Solomon: Building a Better Home

We can better cope with stress by utilizing Dartmouth’s unique resources.

by Ioana Solomon | 4/27/17 12:25am

An admitted student and his father walked through the admissions office door during one of my shifts last week. The father asked me, “Is Dartmouth a really big party school? Because if so, it probably isn’t the right place for my son.” I had no time to share with him everything I had on my mind. My brief answer to them was that Dartmouth is known for far more important things than its Greek culture and that while no campus will ever be perfect, the issues that plague us also plague every other elite institution in the country. I then passed them on to an admissions officer, who sat down with them for a lengthier conversation.

I thought about the answer I gave to that kid’s father, and the hundreds of similar answers I had given to visitors, prospective students and admitted students. Those answers were never enough. They never felt satisfying — not to me, and likely not to them. Worst of all, they never felt honest.

Whenever I am asked what I dislike about Dartmouth, I feel an inherent obligation, as someone who works in admissions, to sugarcoat the negatives. My job is to present Dartmouth in a good light, to attest as enthusiastically as possible to it being a college worth attending, and part of that job involves a level of deception.

The peak of my pride in Dartmouth was when I opened my acceptance letter. Gradually, the disappointment, frustration and isolation I have experienced here has left a bitter taste in my mouth.
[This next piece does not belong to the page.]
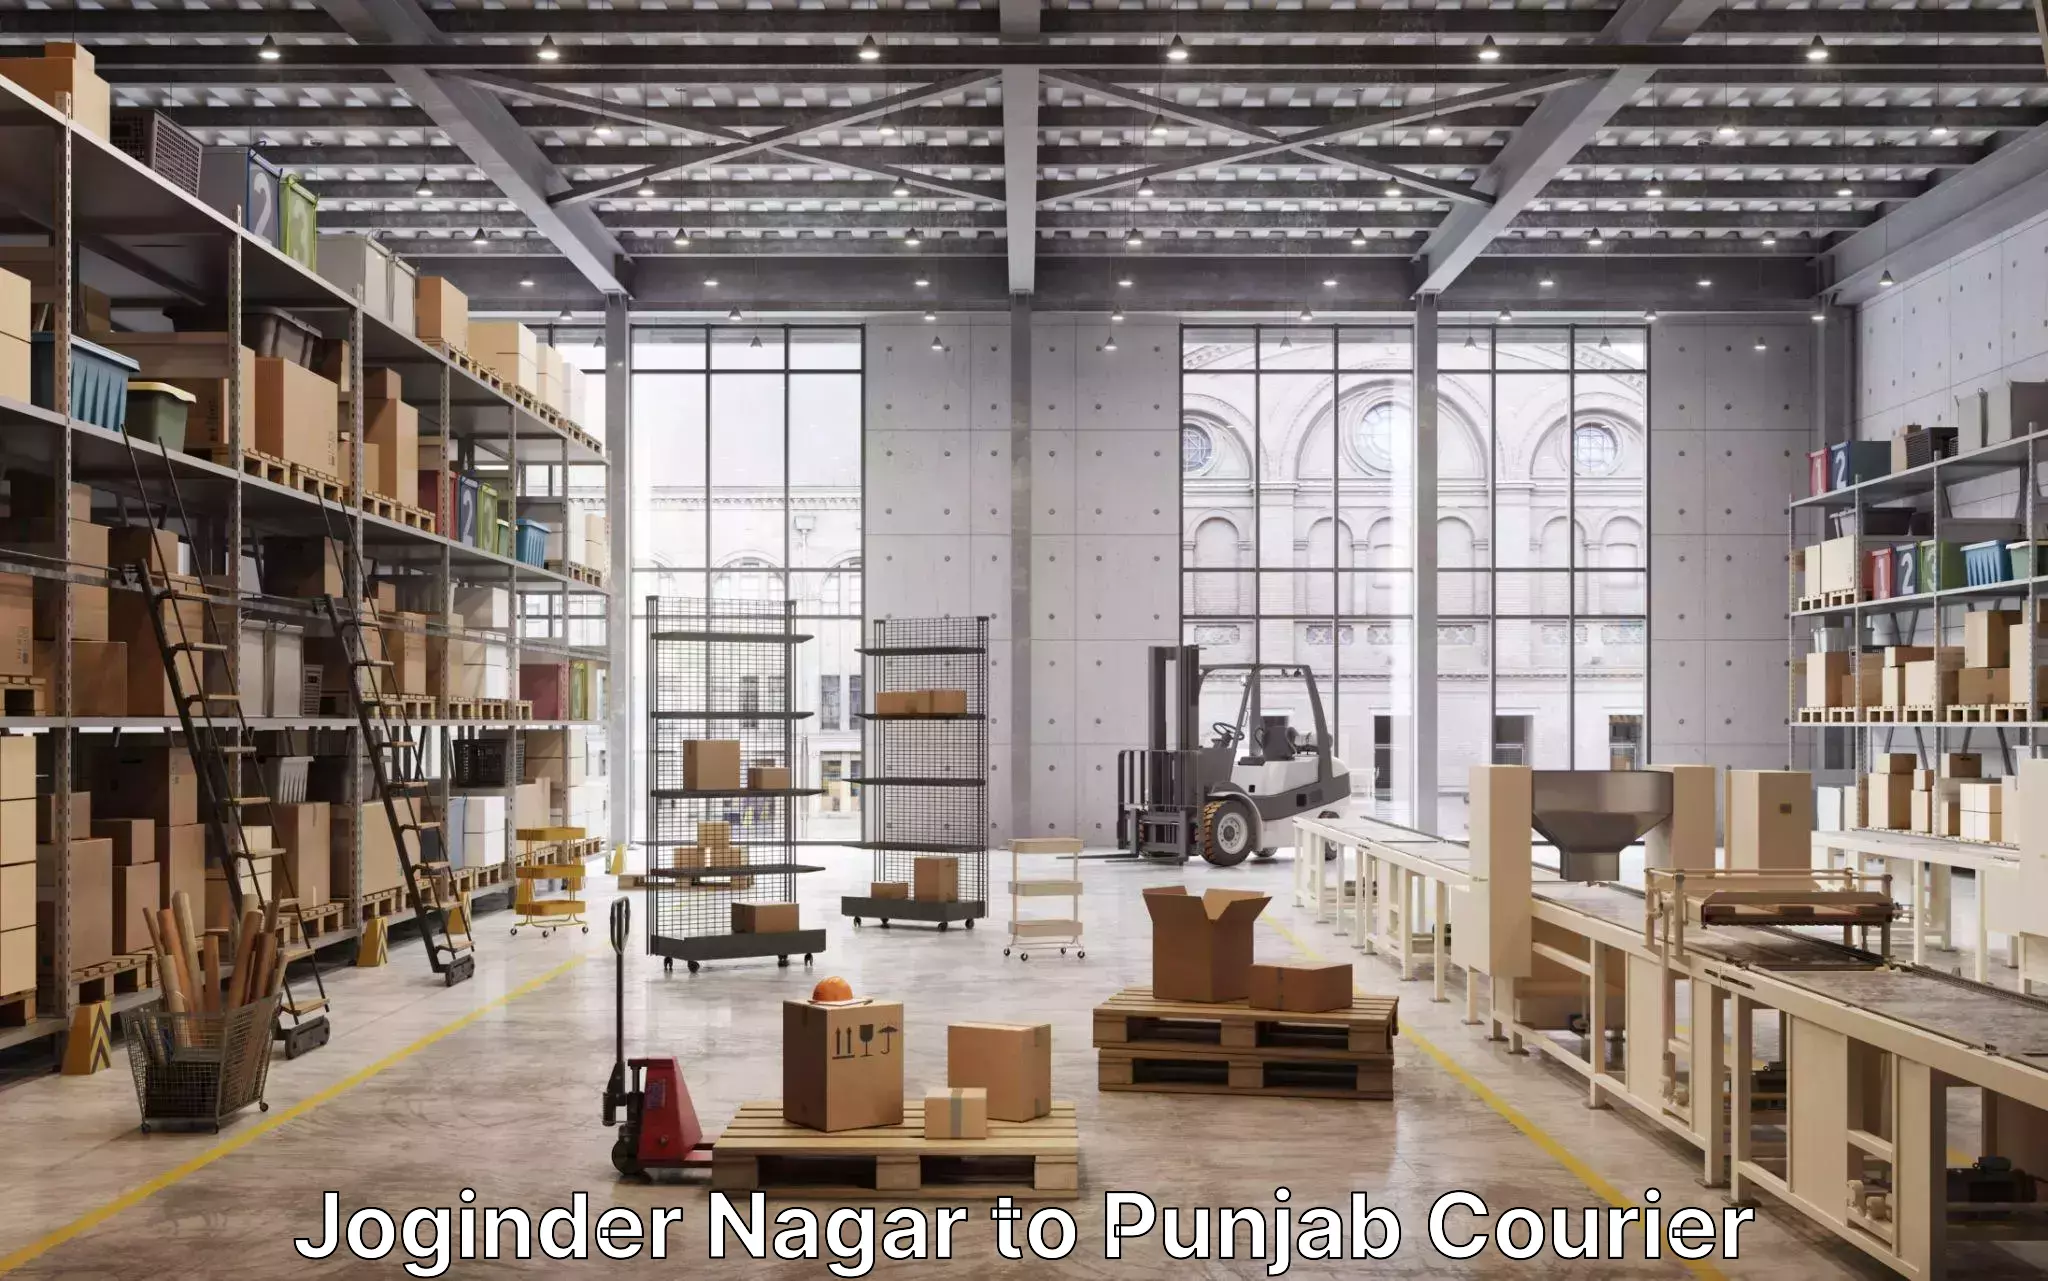 Furniture moving experts Joginder Nagar to Punjab

Some of that is particular to me or is to be expected with any institution or environment. But we hide behind that excuse. We are not perfect, and it seems like we have given up any attempt to be. We have gained a harmful reputation as a “party school,” and instead of trying to correct it, we have embraced it and turned it into an object of perverse pride.

In a complicated mesh of misinterpreted traditions, stereotypes we think are far too ingrained to correct and a problematic “work hard, play hard” mantra lies an inability to cope with our stress. For most of us, binge drinking and meaningless hookups give our overloaded selves a temporary escape — until we wake up the next morning, hungover, sinking deeper into the quicksand of problems that always blow up just when we think they’ll go away. The next weekend, we turn again to alcohol and hookups until we form a cycle that is almost impossible to break.

Most of us are aware that our coping mechanisms are ineffective. But we have entrenched them so deeply into our culture that trying to break away means accepting outsider status. We are afraid of facing our problems sober. We are afraid of doing anything without someone by our side. We are afraid of not belonging.

While no one is immune from the issues we face and there are plenty of campuses across the nation that have it worse, we are uniquely equipped to be far better than we are. The common excuse for our heavy drinking culture and pervasive Greek system is isolation. But that’s counterintuitive. City schools where peace and quiet are rare if nonexistent are just as “ragey.” Their level of stress is not comparable with ours. We live in a small, peaceful town, surrounded by beautiful nature. When we resort to drinking for entertainment and stress relief, we ignore everything around us that makes Dartmouth remarkable. We have no excuse to be called a “party school” when we have open rivers and hiking trails that students around the country can only dream of — natural, healthy outlets to relieve our stress.

I want the enthusiasm with which I speak about Dartmouth to be more than a mask I take off after my shift is over. I want us to be a place where students come for a healthy education, not liver damage. We can take advantage of what we have around us, we can find more sustainable ways to cope with pressure and we can be stronger, individually and communally. Making Dartmouth more attractive to future generations is not something we can leave to the surface-level solutions of the administration. Students need to take the initiative. We do not only need to be better. We owe it to those who made Dartmouth home for us and to those for whom it will be home once we leave.